La Marseillaise, exilée depuis maintenant 6 ans à College Station au Texas, a aussi renoué le fil avec qui elle est. « Je suis Béryl, je suis Française, de Marseille, lance-t-elle avec assurance. J’aime beaucoup le système américain, mais ce n’est pas ma culture en fait. Nous on s’arrête pour les vacances, on prend du temps, on a été élevés comme ça. Aux Etats-Unis ça a été du ‘go go go go go! Don’t stop! Never stop!’. Je reviens à mes racines, à qui je suis… » Puis elle enchaine. « Je suis en train d’aller chercher le meilleur des deux mondes. Les deux ensemble (elle tape dans ses mains) ça va faire un cocktail Molotov (rires)… J’adore. »

Un cocktail que l’on retrouve quand elle cherche ses mots en Français, « les mots me viennent en anglais ».

C’est entre Dallas et Houston que Béryl Gastaldello a renoué avec sa partie française. « Il y a cinq mois, j’ai rencontré une communauté de Français chez moi à College Station, révèle-elle. Ça a tout changé en fait. Ça m’a fait un déclic, je me suis rendue compte que je suis Française, que ça me manque. Sur des petites choses, des jeux de mots qui me font me plier en deux à chaque fois qu’on se voit. Je leur suis vraiment reconnaissante. Ils sont vraiment géniaux. » Tous les vendredi soir, autour d’un verre de vin et de produits français, « pas idéal niveau nutrition (rires) », Béryl parle français. Mais pas seulement. « Le fait aussi de connaitre plus de gens en dehors de la natation c’est vachement important en terme d’équilibre. Et ça je me rends compte que ça fait une grosse différence. »

« Rentrer dans ma tête? il faut un ticket, on est occupés! »

A Budapest, elle s’est rendu compte dans « ce laboratoire qu’a été l’ISL pour mo » d’une chose: « Je suis plus forte mentalement, beaucoup. » Et de livrer cette anecdote surprenante. Alors qu’elle enchaînait sa 3e course en moins d’une heure, Kelsi Dahlia une de ses adversaires s’avance vers elle et lui lance: « Ça va être dur là… »  La sprinteuse raconte la suite. « Je lui réponds juste, oui c’est possible. Et après elle m’a dit, ‘J’ai essayé de rentrer dans ta tête pour te déstabiliser mais ça n’a pas marché…’ Ah! Ah oui mais il faut prendre un ticket là (rire) on est occupés! C’est un début parce que c’est un travail de toute une vie, mais je suis en train de développer des capacités mentales. »

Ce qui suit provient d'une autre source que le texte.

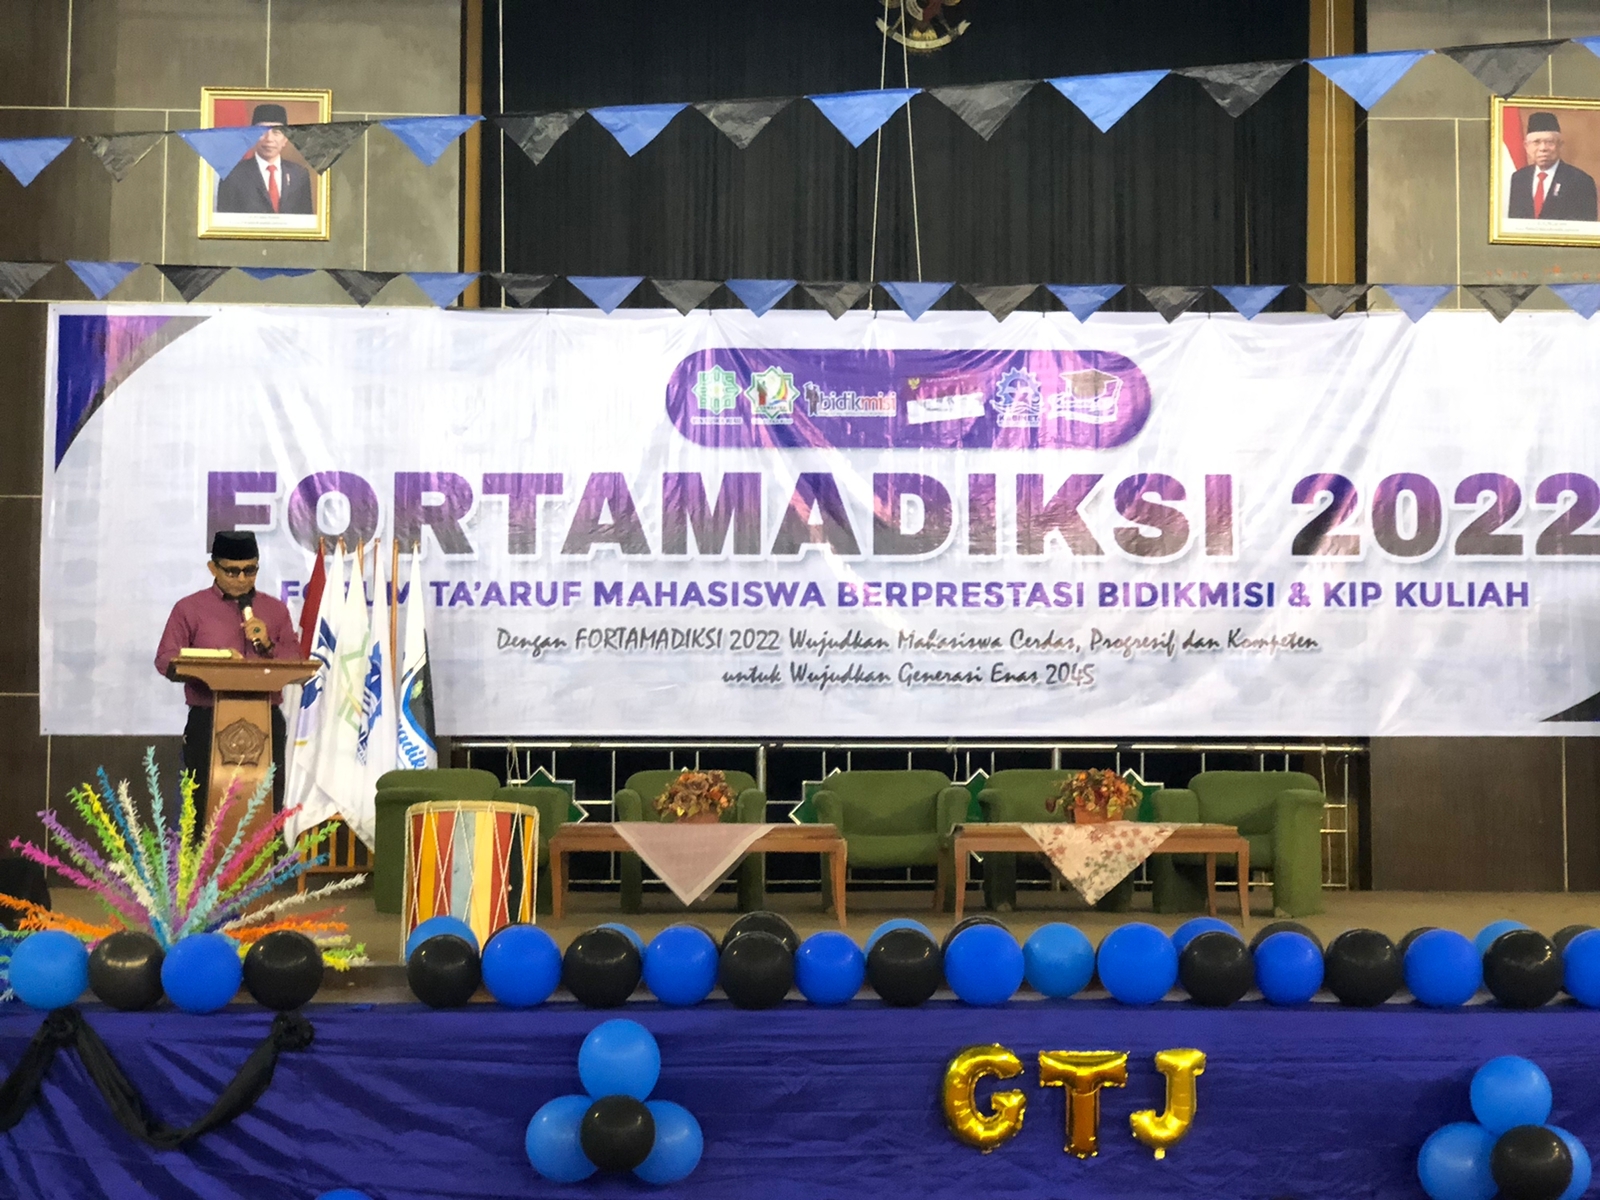 Formadiksi UIN Suska Riau Menggelar Forum Ta'aruf Mahasiswa Berprestasi Bidikmisi dan KIP Kuliah

Béryl Gastaldello rentre également de Budapest avec le compte en banque rempli. Si elle « ne sait pas précisément » combien elle aura gagné sur ce mois et demi de compétition, selon nos estimations elle devrait empocher un peu plus de 250.000 dollars (200.000 euros). « C’est nouveau et mérité. Ce n’est pas vraiment ce qui m’intéresse, mais c’est sûr que ça va faire une grosse différence le fait de pouvoir être serein sur ce côté-là. De pouvoir mettre des choses en place surtout aux Etats Unis où il n’y a pas la sécurité sociale etc… Les rendez-vous médicaux, la psychologue, avoir des massages, ça a un coût tout ça et ça m’amène de la sérénité de pouvoir gagner de l’argent. Il y a deux ans environ j’ai failli arrêter de nager parce que je ne gagnais pas ma vie du tout. Après bon je n’ai pas non plus gagné au loto! »

La nageuse licenciée au cercle des nageurs de Marseille appréhende un peu les jours d’après l’ISL, la sortie de bulle. « Au niveau émotionnel, humainement c’est un truc de fou pour moi. Moi je vis pour tout ce qui est connexion, énergie, et c’est super je m’éclate. Il est possible que ça relâche complètement, et j’espère d’ailleurs que je vais complètement craquer parce qu’il le faut. Là je contiens tout et il ne faut pas. »  Et très vite se replonger dans les bassins. Béryl Gastaldello va rester en France jusqu’aux championnats de France de Saint-Raphaël (10 au 13 décembre) qui marquent le début de la période de qualification pour les Jeux olympiques. Avant de rentrer aux Etats Unis pour enfin terminer les démarches pour obtenir la carte verte.